Another study by Minear et al. showed that TN-C is an important factor in the later stages of atherosclerotic plaque formation, because of its roles in promoting SMC migration and proliferation, and its replicated association with severe and advanced atherosclerotic and CAD phenotypes. The study investigated the differential expression of TN-C in atherosclerotic aortas compared to healthy aortas [21].

Furthermore, Schaff et al. discovered that thrombocytes interact with TN-C through von-Willebrand factor and the adhesion that occurs via that interaction subsequently triggers thrombocyte activation [22].

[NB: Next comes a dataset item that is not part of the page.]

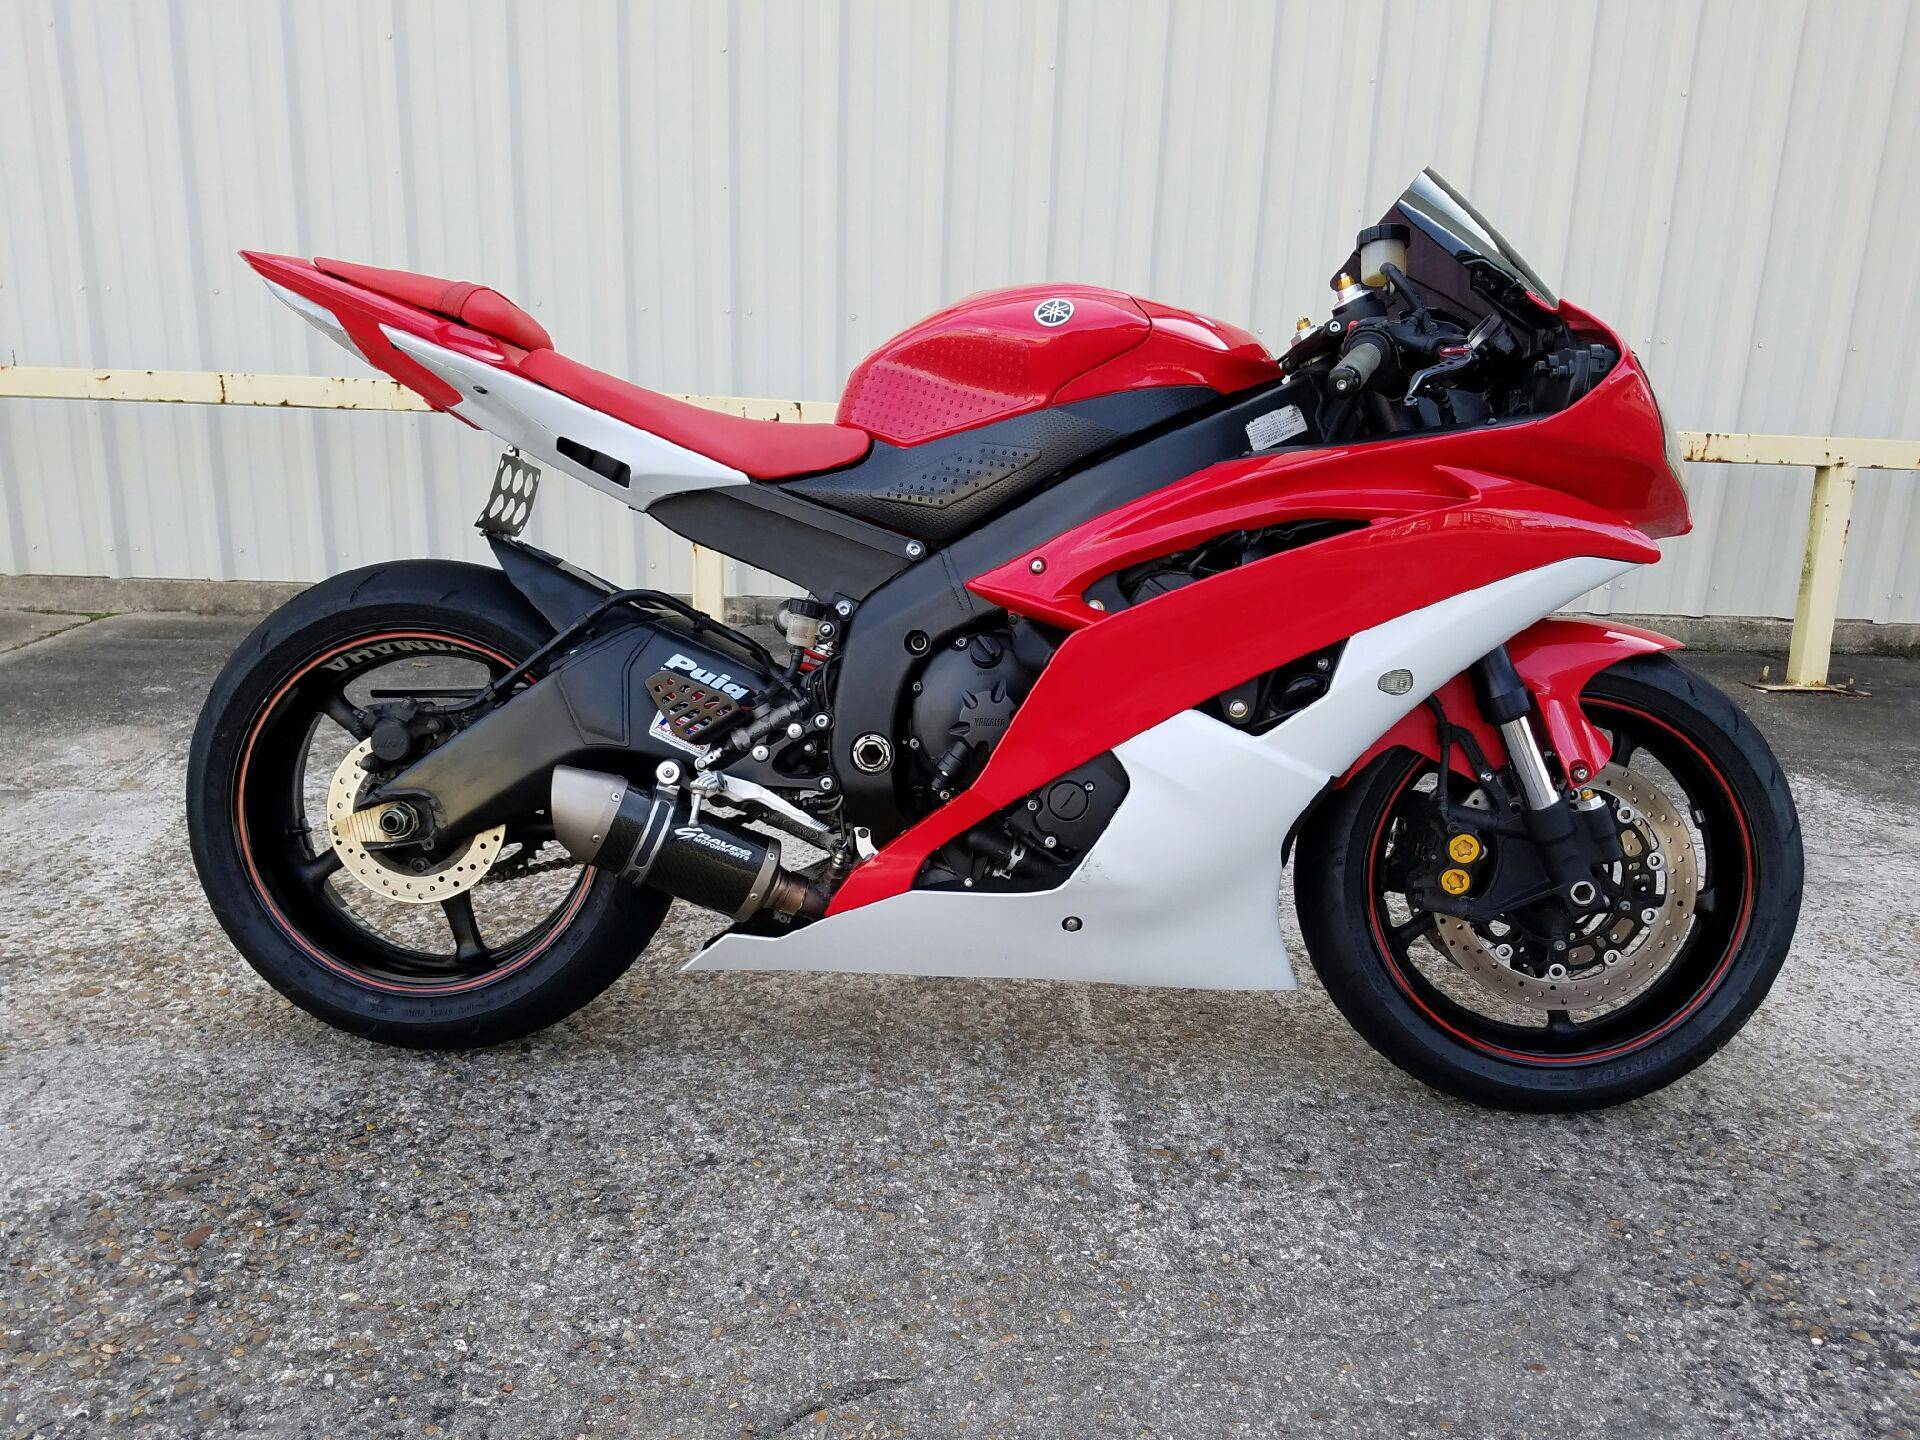 2013 Yamaha YZF-R6 in Pasadena, Texas
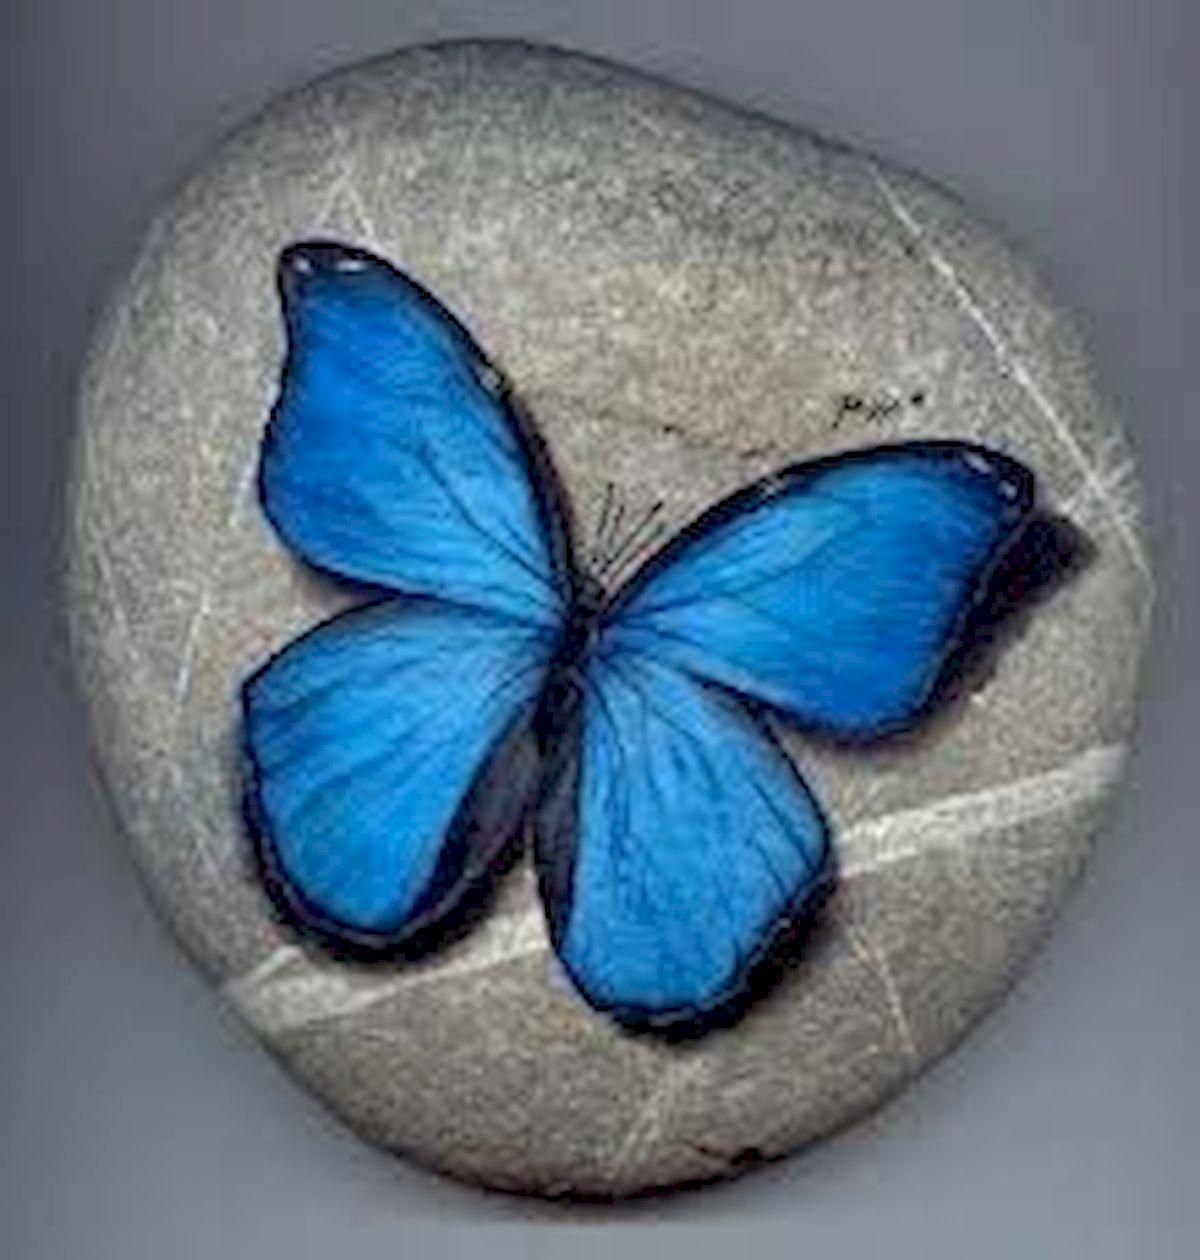 55 Cute DIY Painted Rocks Animals Butterfly Ideas (54)

These data clearly reveal that TN-C is not only related to plaque instability but also to thrombogenicity after plaque rupture in ACS. This explains why patients with high level of TN-C level had LV remodeling in our study and other studies. The local inflammatory response in coronary artery after an acute coronary event as increased TN-C level in unstable plaque, systemic increase in TN-C level and inflammatory enzymes along with and TN-C mediated triggered thrombocyte activation and the increased thrombogenicity all adversely affect coronary microcirculation. Patients with poor coronary reperfusion despite recanalization of IRA with mechanical revascularization eventually suffer myocardial stunning, leading to a lack of expected recovery in left ventricular pump function.

Based on the results of our study and other previously reported studies we may suggest that; in patients with high TN-C levels, myocardial reperfusion may remain far from ideal even after successful thrombolysis or PCI. In this context, high TN-C can predict long-term outcomes like LV remodeling and poor prognosis.

However, despite the findings, the current study has some limitations. First, the sample size was relative small. Second, prognosis of our AMI patients received thrombolytic therapy, which is now inferior to primary PCI, which is recommended now. Also, there were short follow-up period of 6 months. Further large-scale prospective investigations and careful comparisons with other clinical parameters are therefore required to confirm the predictive ability of TN-C in LV remodeling and MACE.